168.第165章 聊爆式反转?!乌鸦又要骑在王

第165章 聊爆式反转?!乌鸦又要骑在王长生头上了??(1w求月票)

【请2号玩家开始发言】

2号匡扶在听完7号王长生的发言之后,便准备直接跳出自己的身份。

因此轮到他发言,他便直接将自己的底牌给拍了出来。

“第一天没守人,昨天晚上盾了自己,我是守卫。”

2号的起跳,让3号、8号以及11号的眼神都是微微一暗。

“昨天狼队刀出来了一天平安夜,既然他们敢外置位刀我,那大概率就是判断到了我的守卫身份,所以我也没什么可藏的,直接跳出来,还能帮助好人排一排外置位的狼坑。”

“聊一下昨天为什么会守自己,而没有去在7号的头上举盾,这其实也就是和狼队打一个反心态而已,只是看我们双方谁打到了谁的心态。”

“只不过最后看起来貌似是我成功了。”

“而且4号和8号昨天晚上我是不可能去盾的,因为只要狼队敢朝预言家下手,那么整只狼队也就会被直接拉爆,他们就必须要和我去搏刀。”

“所以我昨天守人的选择,其实也就只有7号或者我自己而已。”

“只是看狼队究竟会砍7号,还是会在外置位寻找我这张守卫的位置。”

“如果狼队昨天一刀砍死骑士,那么我们的轮子其实还是落后的,因为今天晚上他们大概率就会把我给砍掉,毕竟昨天我已经守过自己了。”

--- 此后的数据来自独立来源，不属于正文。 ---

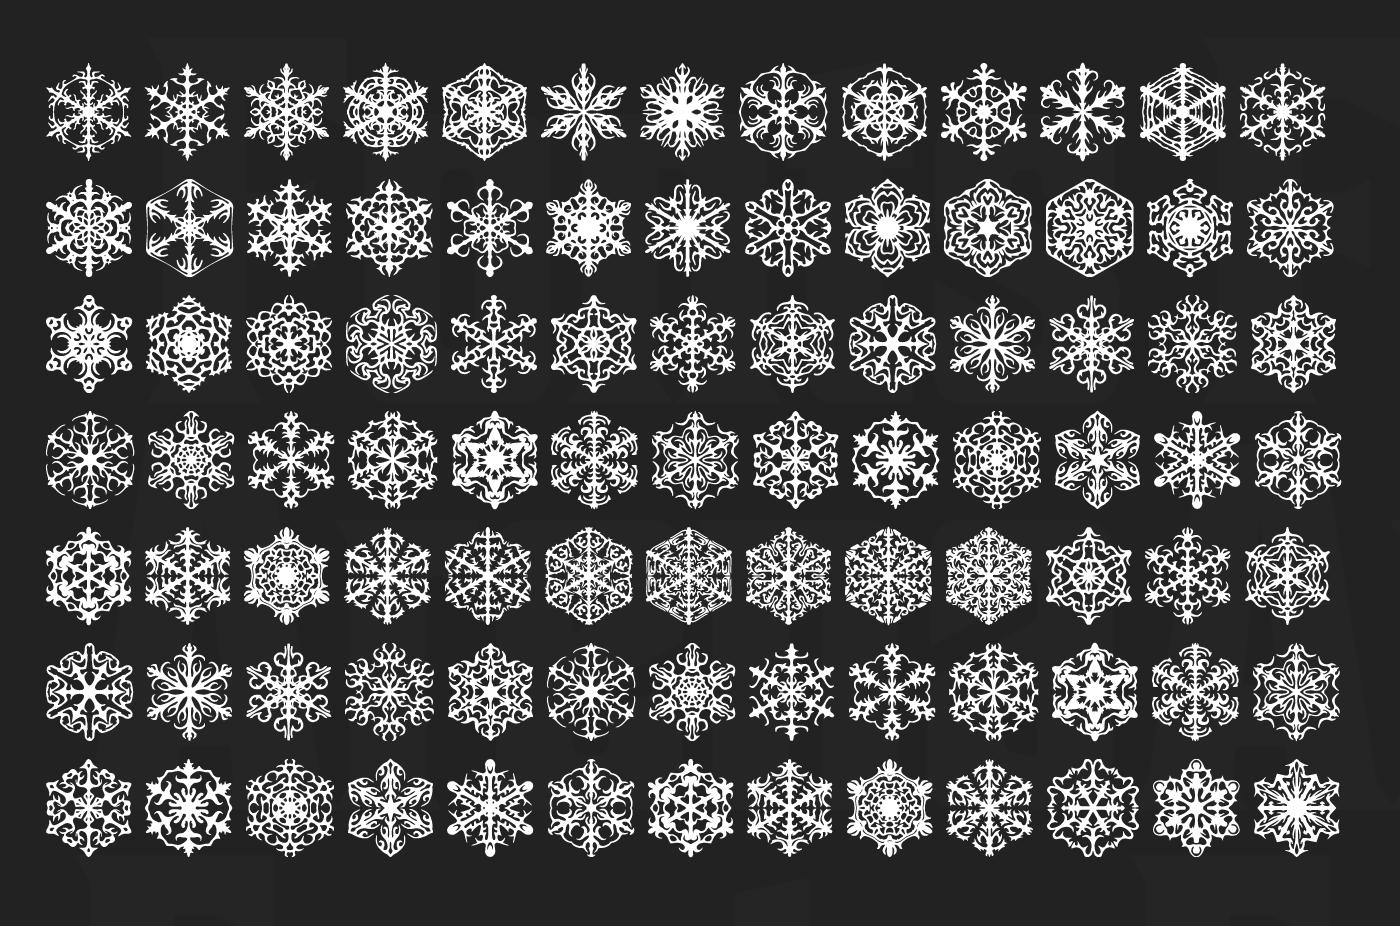 Faux Snow free icon font

“然而昨天他们却并没有去砍骑士,反而一刀砍在了我的身上,应该是认为我昨天会去守7号牌,可是我却反其道而行,并没有守7号牌,而是守了我自己。”

“不得不说,这是一个冒险的行为,只是从结果来看,我的冒险操作,还是值得的。”

“那么今天狼队就又亏了一个轮次,不论如何,只要今天能够放逐掉一只狼人,我们好人基本上就很难输掉了。”

“而现在的问题就是,到底4号是预言家,还是8号是预言家。”

“结合被7号骑士牌戳死的9号发言,我自然是会更偏向于4号是预言家多一点的。”

“原因是9号如果为4号的同伴,不可能如此钢铁的发言去倒钩8号,因为当时在7号玩家的视角里,4号才是预言家,所以9号如此暴露出来,只能是给自己的团队卖视角而已。”

“注意,这里是在向好人团队卖自己狼人团队的视角。”

“所以9号如果为4号狼同伴的话,我个人认为他应该会像3号一样表现的摇摆一点,而不是直接要站边8号牌。”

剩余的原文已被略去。